Paths in this format are separated not by /
or \
, but rather by the :
character. This allows the characters /
and \
to be used in path names. If the :
character is used in a path name, it may be replaced by the unicode character 0xEEEE
in order to denote a :
in the final path. Paths in archives are all relative to an arbitrary root directory at path @
. All paths are specified as either in the @
directory or one of its subdirectories. No files may be outside the @
directory, and while there is no symbolic link to the current directory (.

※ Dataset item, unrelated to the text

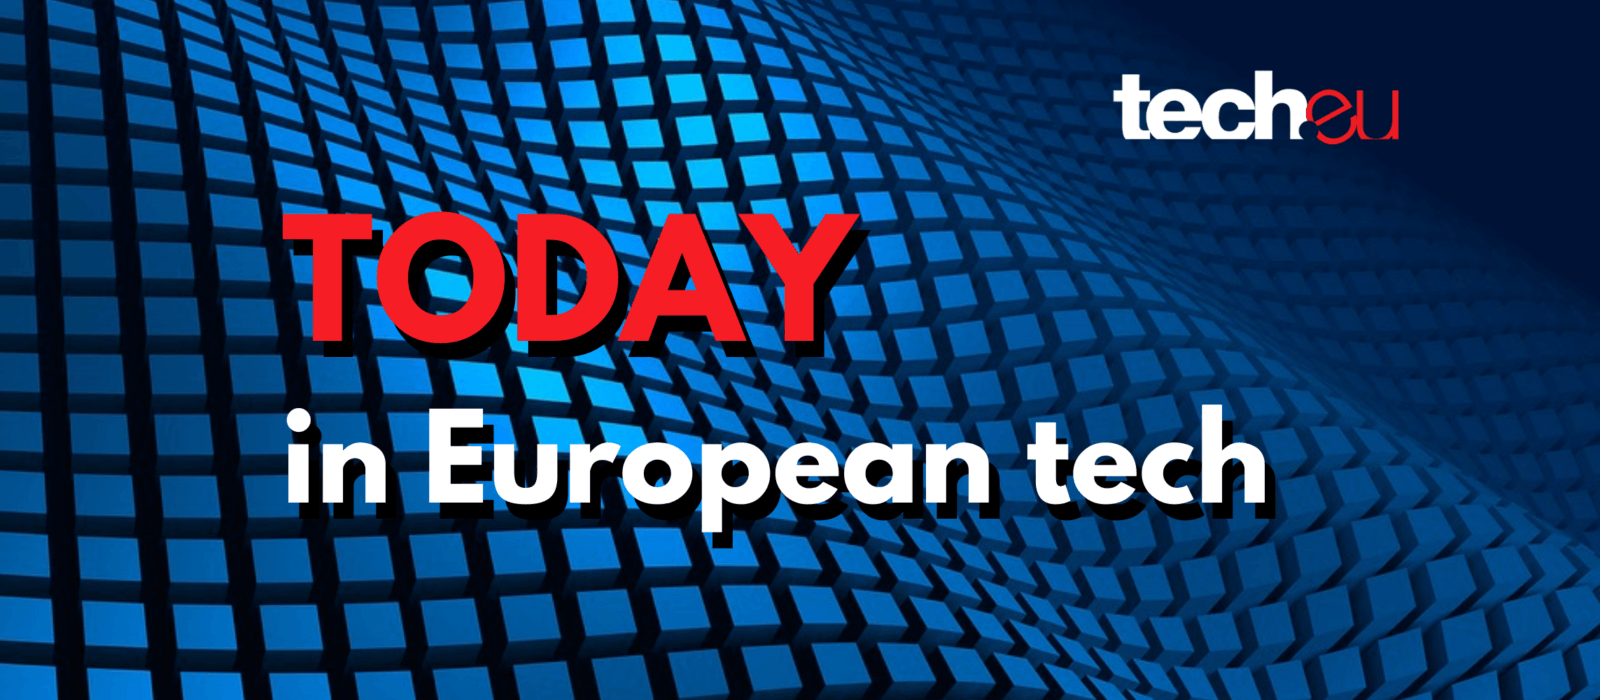 Today in European Tech: German groups file Apple antitrust complaint, Dutch firm Azerion secures €200 million, and more

) or its parent directory (..
), the filenames .
and ..
are still prohibited in archives.
Implementation Note: All numerical values in CAR archives should be in little endian format.
Note: For the archive's encryption and compression algorithms to work together correctly, the header and data modification sections must be left intact in the compressed/encrypted header.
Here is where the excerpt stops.